Beginning with the line that holds "london fashion hob", write out each line exactly as it stands until the end of the data, and include no pictures.

Raw data >>
....................
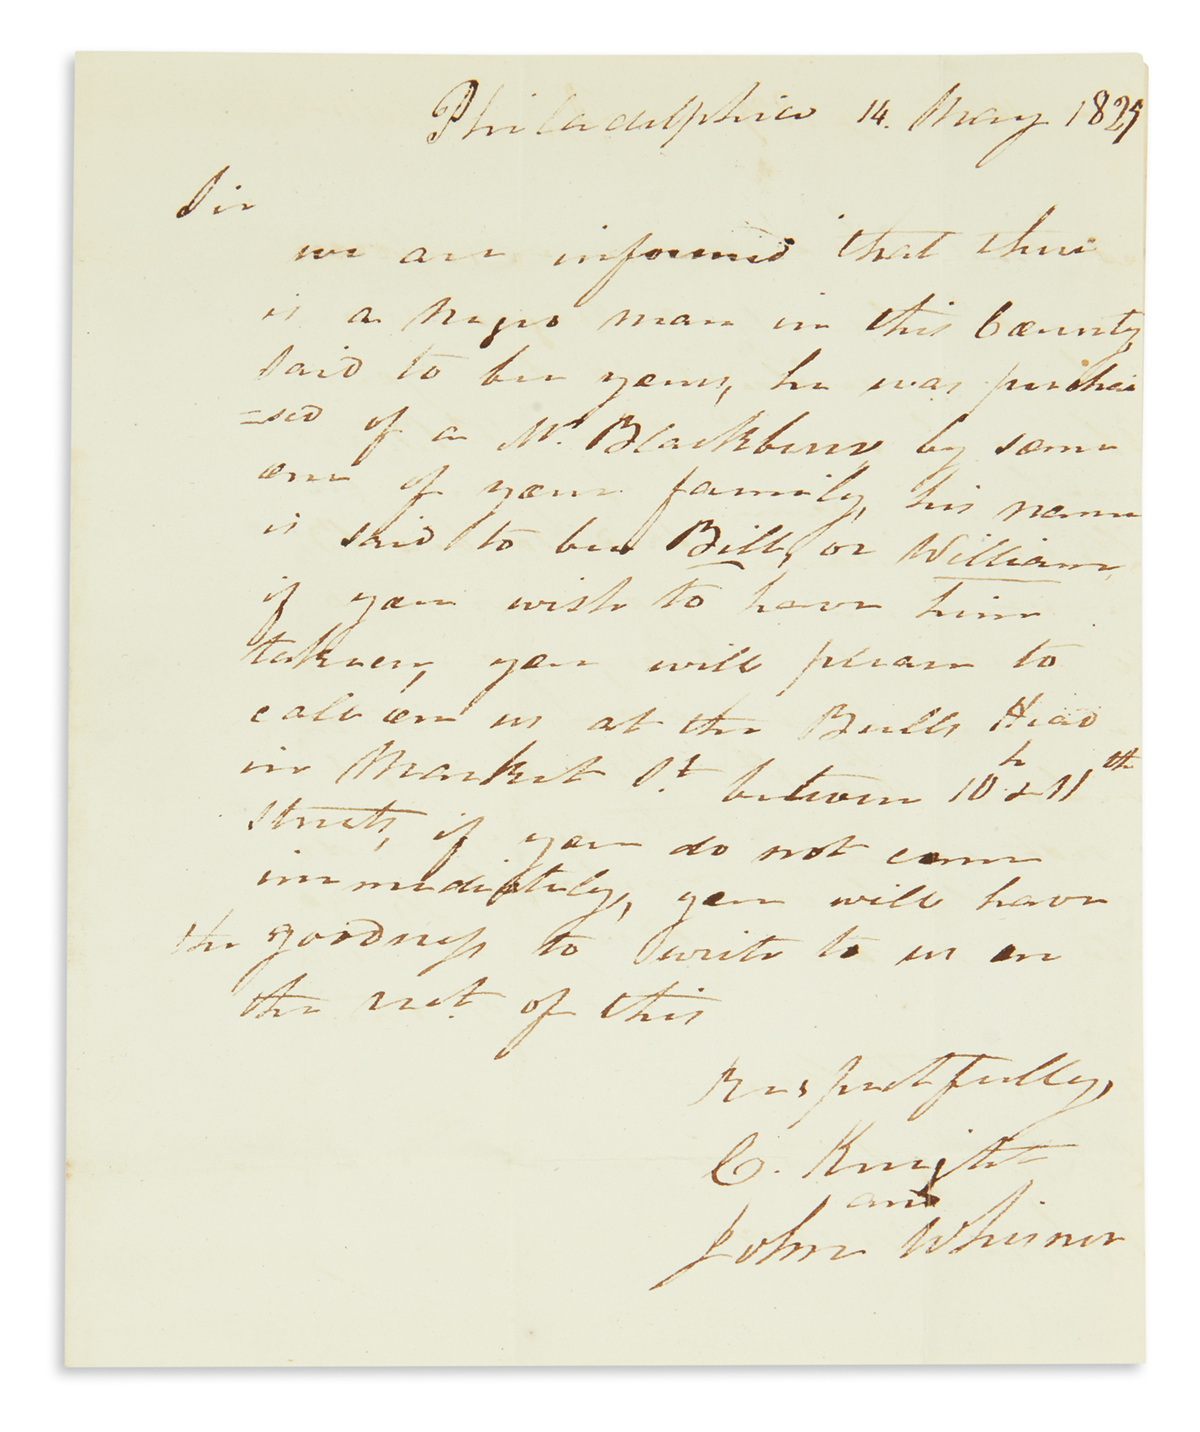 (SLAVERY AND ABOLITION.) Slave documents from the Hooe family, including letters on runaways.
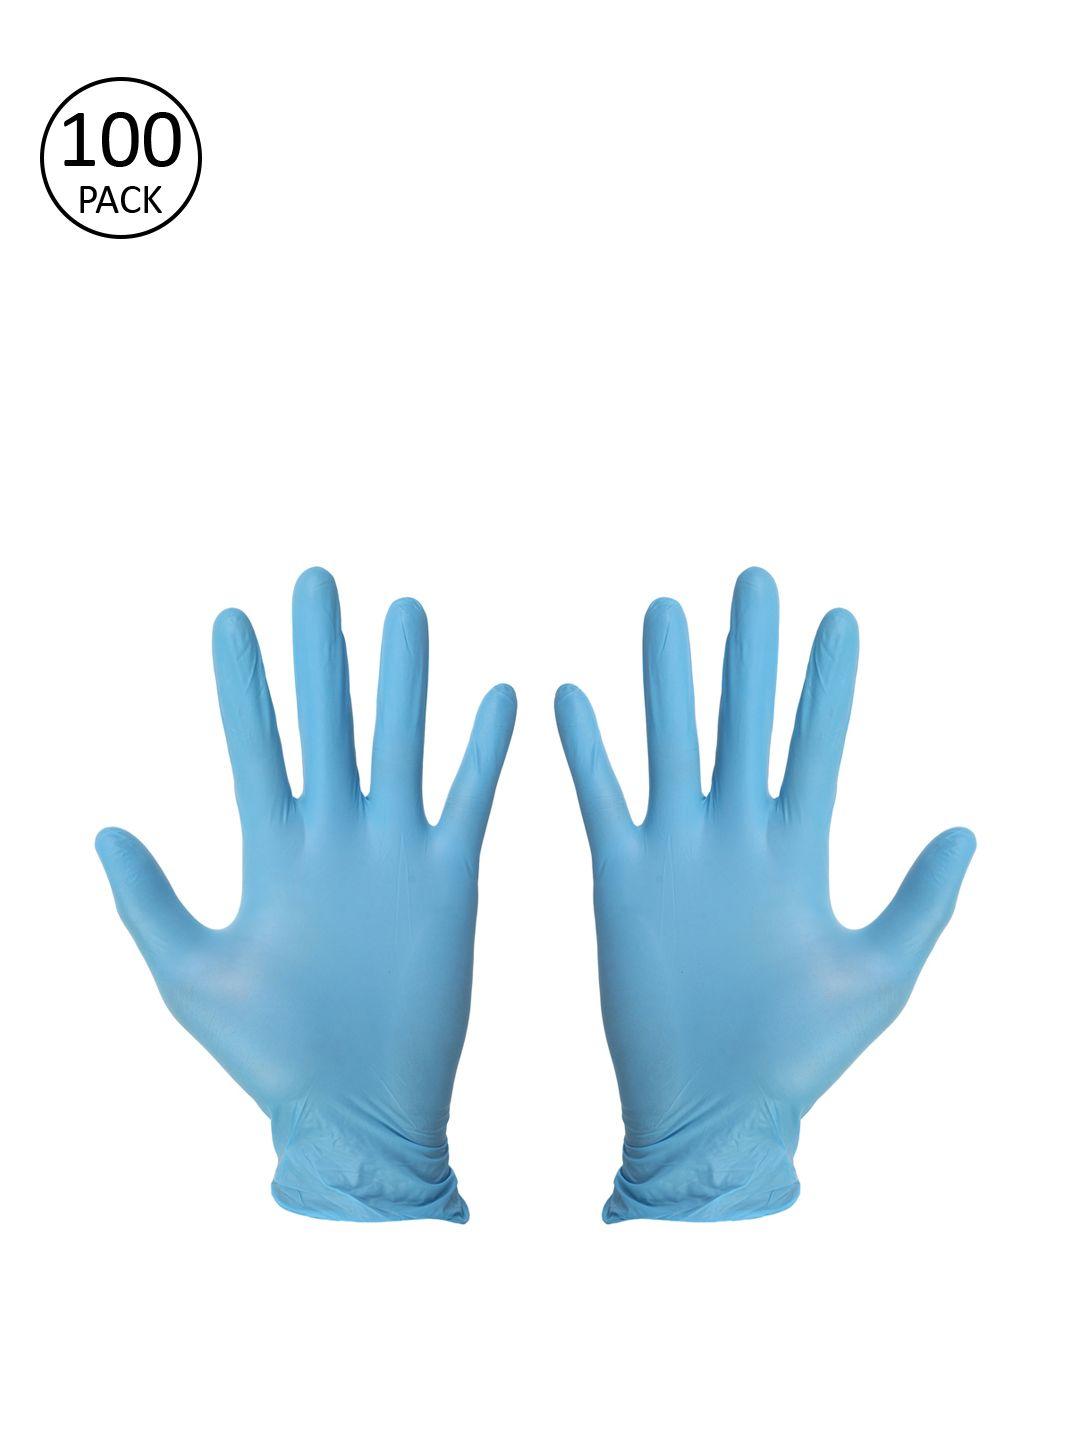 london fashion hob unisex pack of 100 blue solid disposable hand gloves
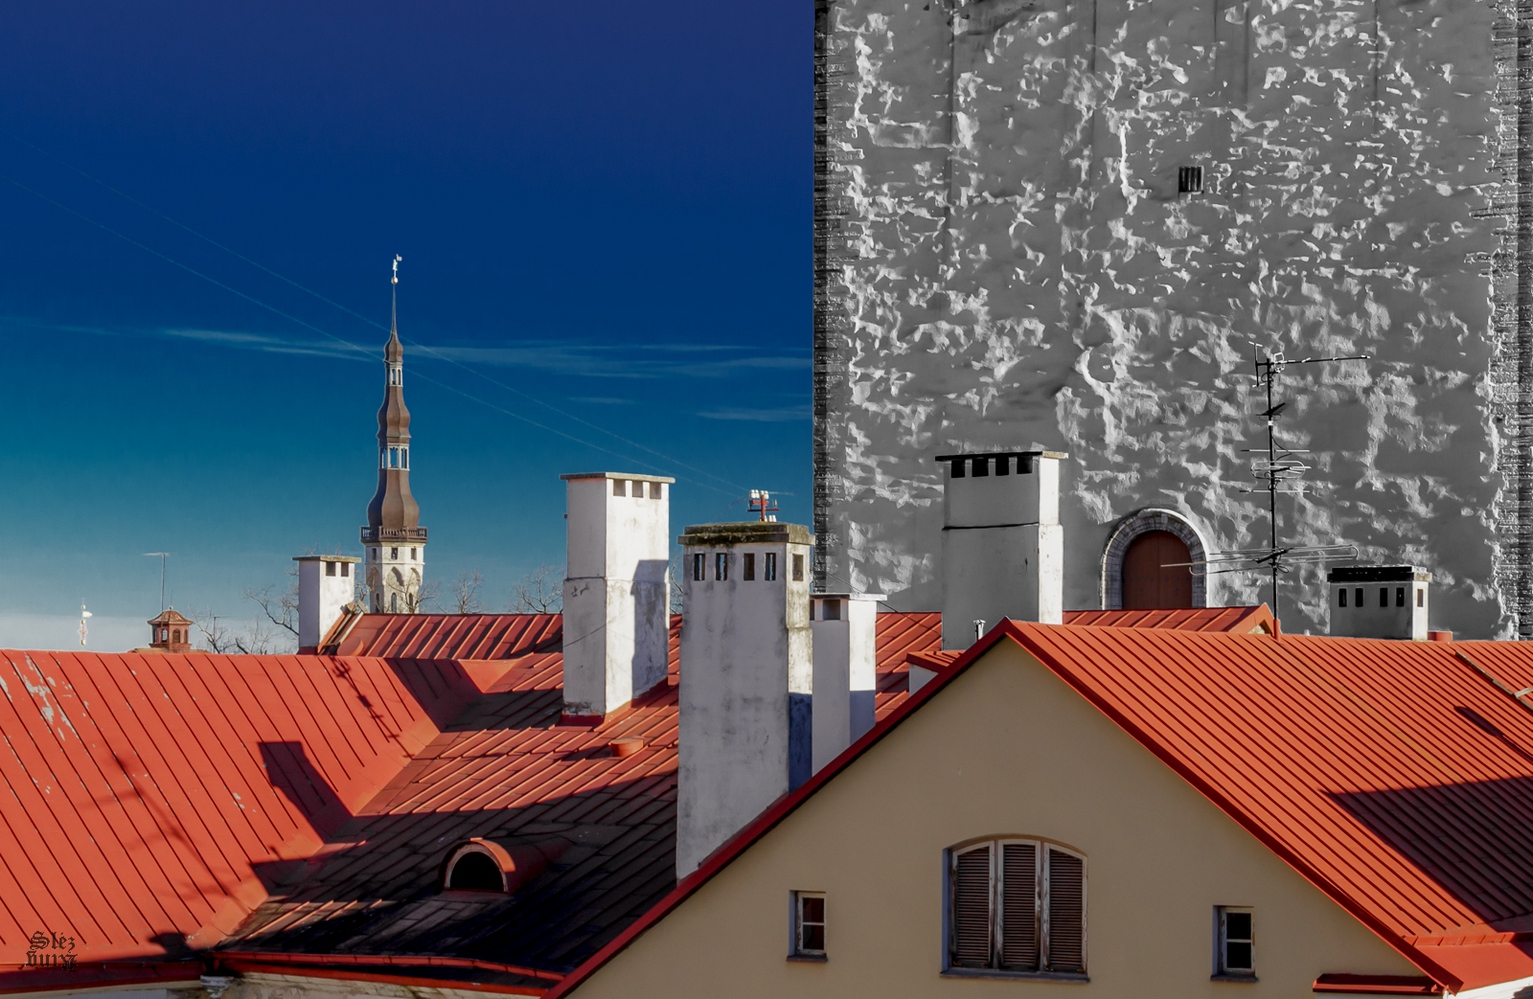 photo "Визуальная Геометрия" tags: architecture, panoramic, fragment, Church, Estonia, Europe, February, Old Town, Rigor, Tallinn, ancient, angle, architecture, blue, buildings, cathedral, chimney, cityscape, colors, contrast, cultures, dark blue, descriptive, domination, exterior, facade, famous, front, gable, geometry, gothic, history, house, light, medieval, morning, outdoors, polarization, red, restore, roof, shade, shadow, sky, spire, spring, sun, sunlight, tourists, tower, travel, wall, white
....................
Your response >>
 london fashion hob unisex pack of 100 blue solid disposable hand gloves
 photo "Визуальная Геометрия" tags: architecture, panoramic, fragment, Church, Estonia, Europe, February, Old Town, Rigor, Tallinn, ancient, angle, architecture, blue, buildings, cathedral, chimney, cityscape, colors, contrast, cultures, dark blue, descriptive, domination, exterior, facade, famous, front, gable, geometry, gothic, history, house, light, medieval, morning, outdoors, polarization, red, restore, roof, shade, shadow, sky, spire, spring, sun, sunlight, tourists, tower, travel, wall, white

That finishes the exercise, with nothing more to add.